His steady-as-she-goes comments suggest a hot domestic economy is in focus for the U.S. central bank’s core decision-makers, even while there are signs of a slowdown overseas. Irrespective, futures traders on Monday further trimmed bets of another interest-rate rise at the Fed’s Dec. 18-19 policy meeting.
“What we’re going to do over the next FOMC monetary policy meeting, we’re going to do what we’ve been doing as best we can – we’re going to find a … gradual path of the monetary policy back to a more normal level of interest rates,” said Williams of the Federal Open Market Committee meeting.
“Rates are still very low. We’ve raised them but they are still at a very low level,” he added at a New York City Hispanic Chamber of Commerce event in the Bronx. “We want to keep this expansion going as long as possible.”

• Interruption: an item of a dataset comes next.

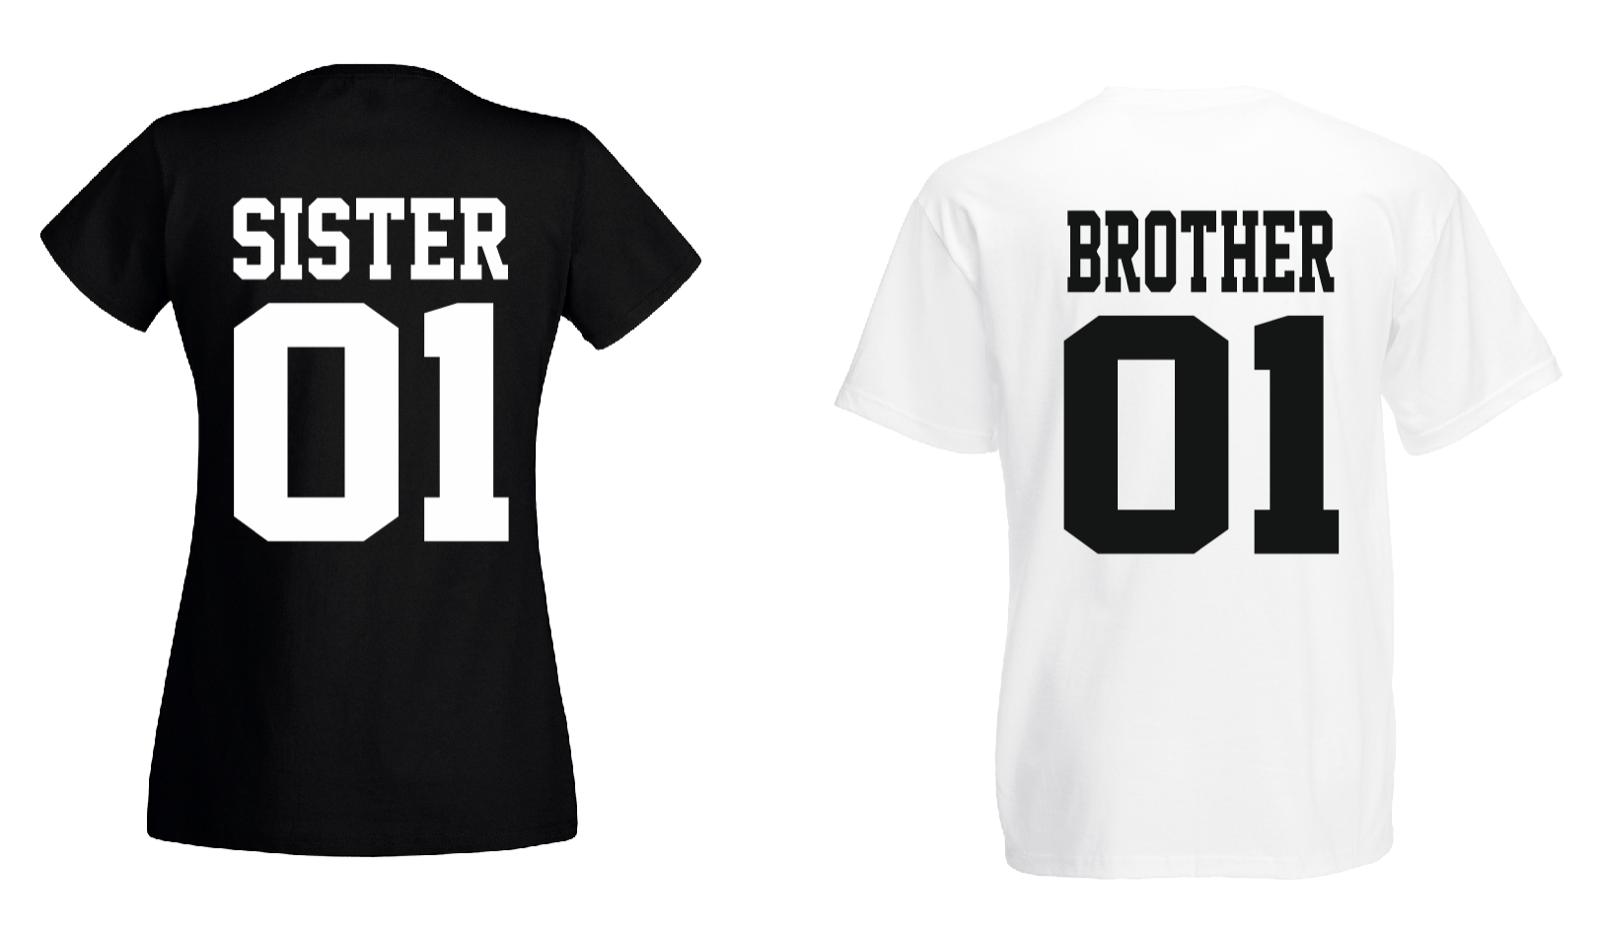 Brother & Sister - T Shirt Set - Geschwister Beste Freunde Bruder - DOPPELPACK - 2
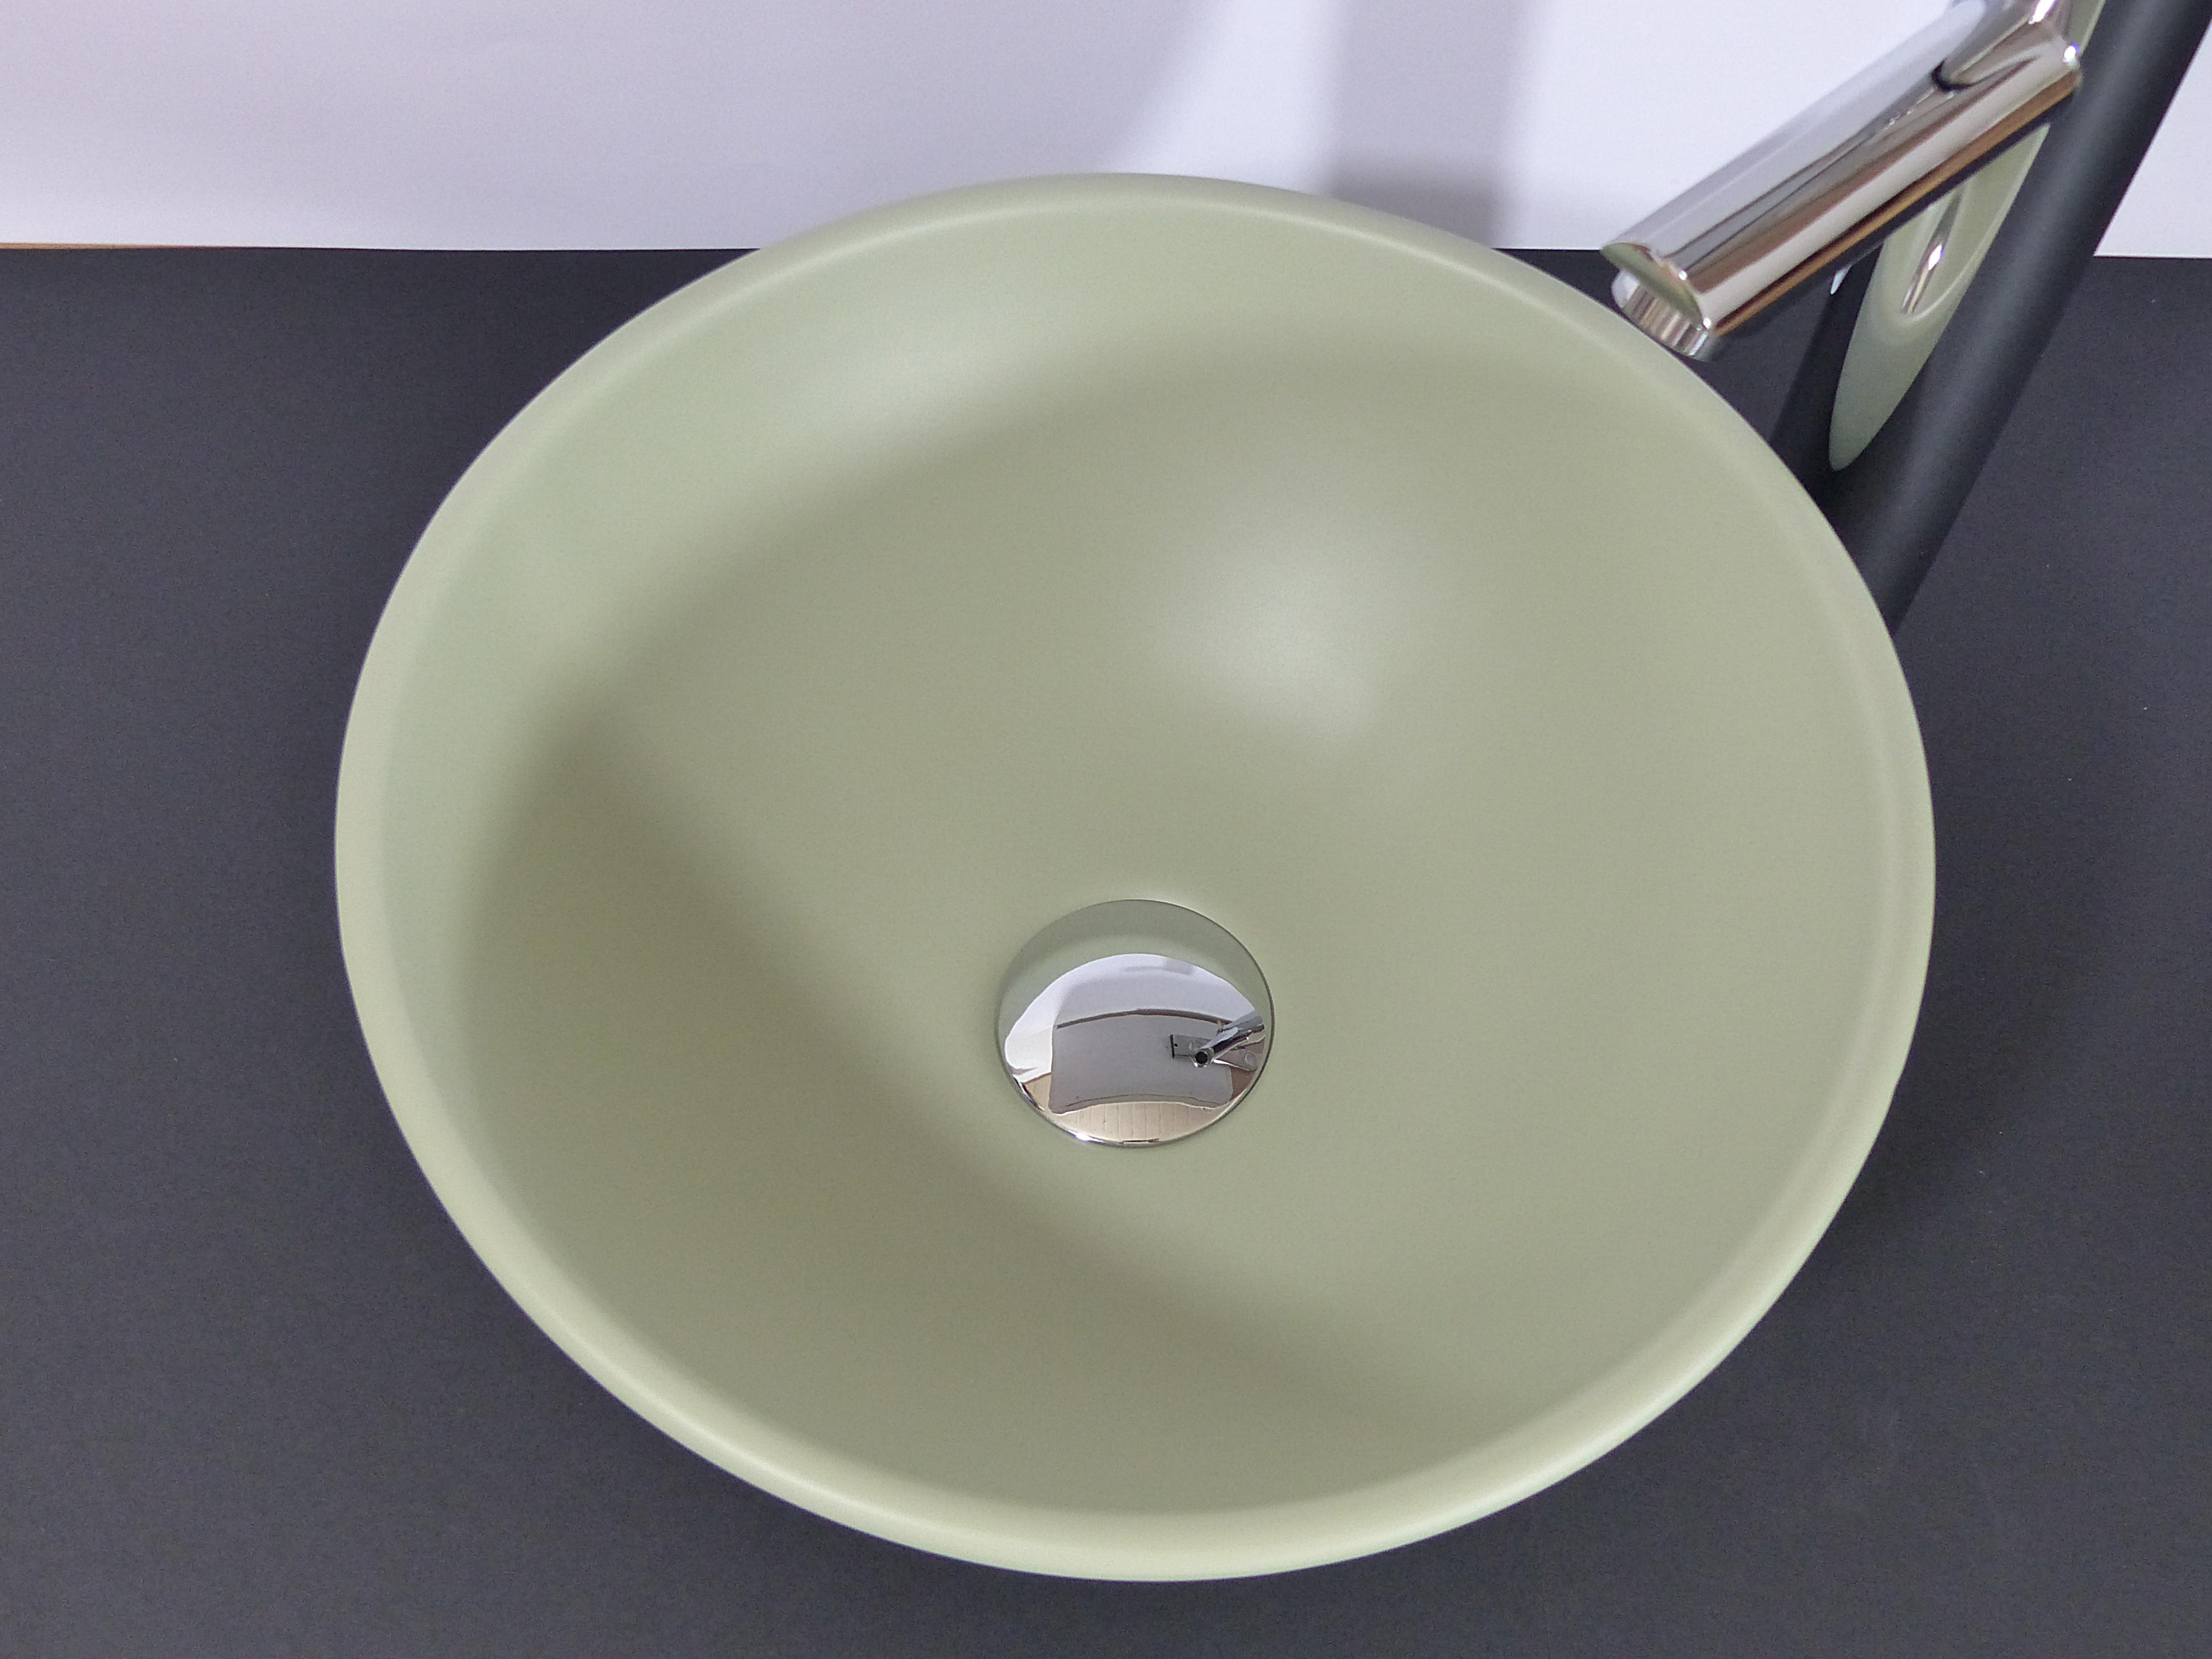 nero badshop kleines keramik aufsatz waschbecken rund khaki matt online kaufen. Black Bedroom Furniture Sets. Home Design Ideas

In the face of 3.7 percent unemployment – the lowest since the 1960s – and economic growth running well above potential this year, the Fed has settled into a quarterly rate-hike cycle. Over the last couple of months, a rate hike in December was seen as all but a sure thing both in and outside of the Fed.
But recent data have suggested growth is slowing in China, Germany and elsewhere as rising U.S. trade tariffs begin to pinch the global economy. This prompted some investors to question how long the Fed can continue tightening its policy. The doubts have left the probability of a rate hike in December at only 65 percent, according to CME Group’s FedWatch program.
Traders have priced in about a 35 percent likelihood of two rate hikes next year, down from 57 percent a week ago. That compares to Fed policymakers’ forecasts from September that pointed to three hikes in 2019.
While a couple of central bankers expressed some caution last week, most, including Powell and now Williams, paved the way to more policy tightening as planned.
“This is an economy that has lots of unmet needs in the healthcare and education sectors,” Williams said at the Bronx Museum of the Arts after visiting a nearby center that trains people for jobs in technology. “It is not starved of jobs,” he said of the labor market.
“The economy goes up and down, that’s just a way of life,” he added. “Right now it is good.”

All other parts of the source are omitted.